The researchers have begun a pilot study with 50 patients. Further patient testing and refinement are needed, but if the system works as envisioned, it could help physicians address a serious health problem.

The National Cancer Institute estimates that 68,720 new cases of melanoma were reported in the United States in 2009; it attributed 8,650 deaths to the disease.

Doctors want to identify a growth that might be skin cancer at an early, treatable stage. They rely now on subjective clues such as the size, shape and coloring of a mole.

With this goal in mind, Alani teamed with heat transfer expert Cila Herman, professor of mechanical engineering in Johns Hopkins’ Whiting School of Engineering.

Three years ago, Herman obtained a $300,000 National Science Foundation grant to develop new ways to detect subsurface changes in temperature.

Her research was aimed at measuring heat differences just below the surface of the skin.

Because cancer cells divide more rapidly than normal cells, they typically generate more metabolic activity and release more energy as heat.

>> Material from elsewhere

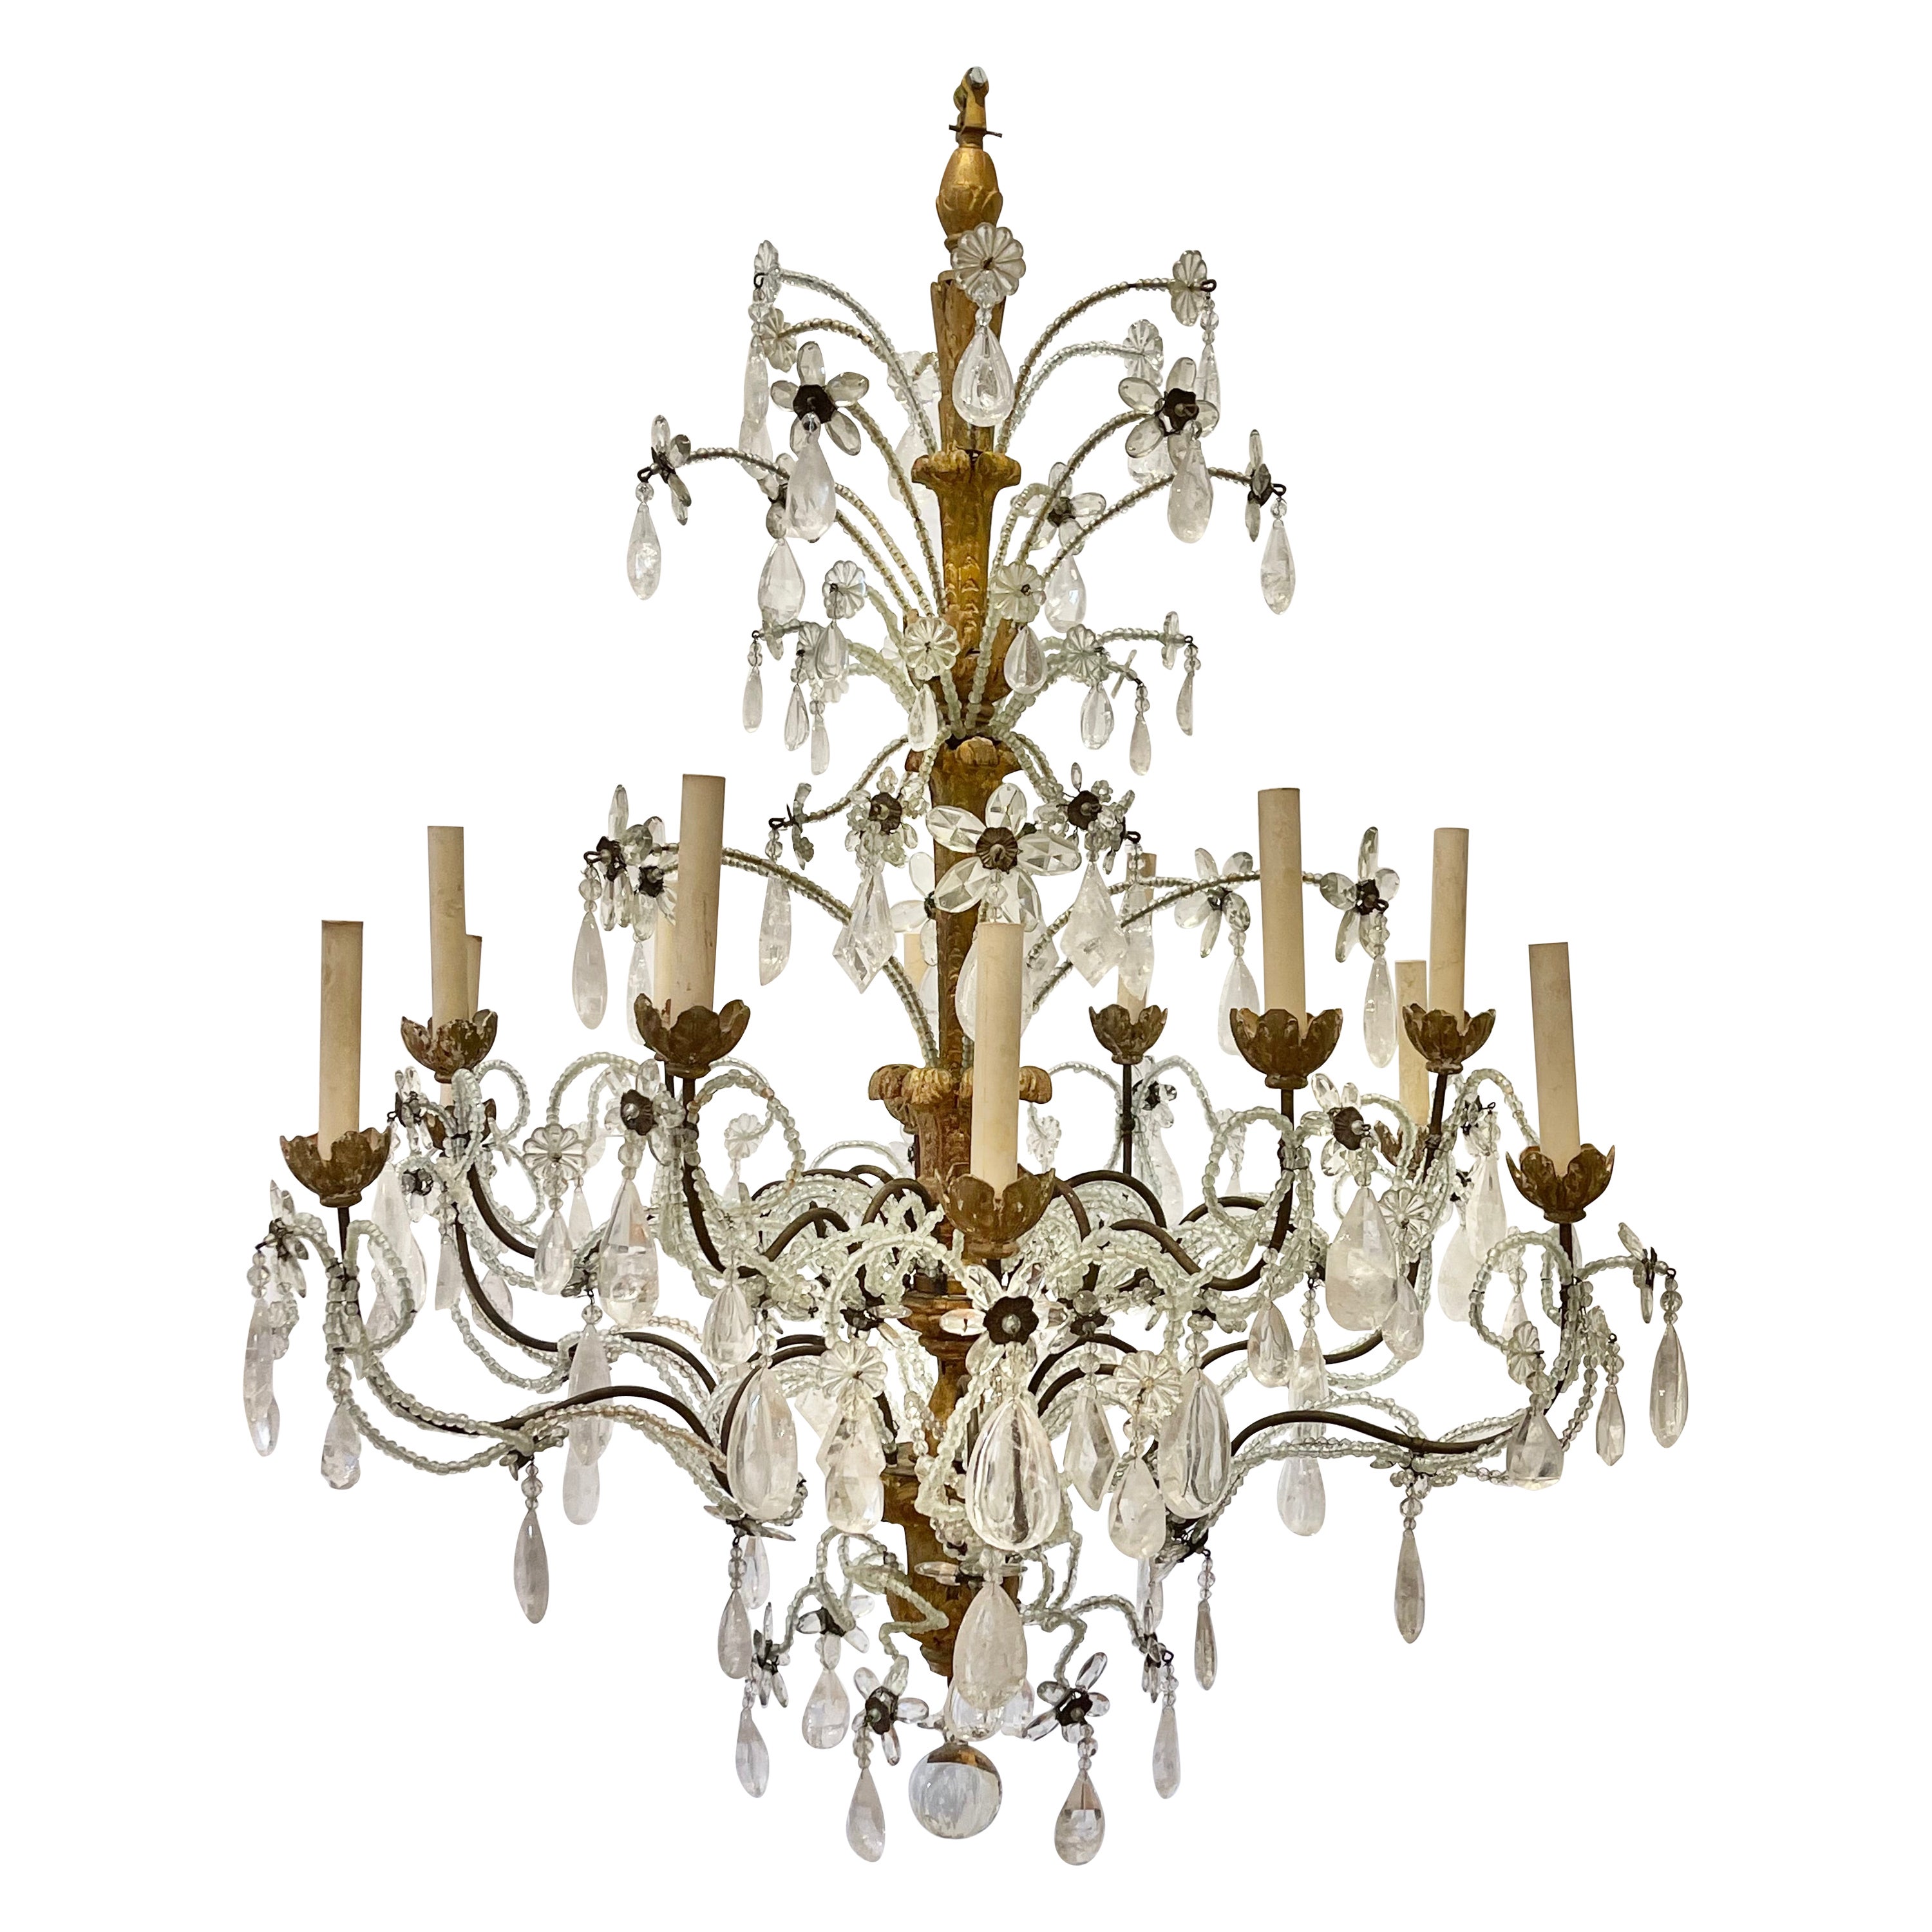 Lustre à douze lumières en bois doré, métal et cristal de roche italien du XVIIIe siècle

Normally, the temperature difference between cancerous and healthy skins cells is extremely small, so Herman devised a way to make the difference stand out.

First, a patient’s skin is cooled with a harmless one-minute burst of compressed air. Infrared images of the target skin are then immediately recorded for two to three minutes.

Cancer cells typically reheat more quickly than the surrounding healthy tissue, and this difference can be captured by the infrared camera and viewed through sophisticated image processing.

“The system is actually very simple,” Herman says. “An infrared image is similar to the images seen through night-vision goggles.

“In this medical application, the technology itself is noninvasive; the only inconvenience to the patient is the cooling.”

To test the prototype, dermatologist-identified lesions undergo thermal scanning with the new system, and then a biopsy is performed to determine whether melanoma is actually present.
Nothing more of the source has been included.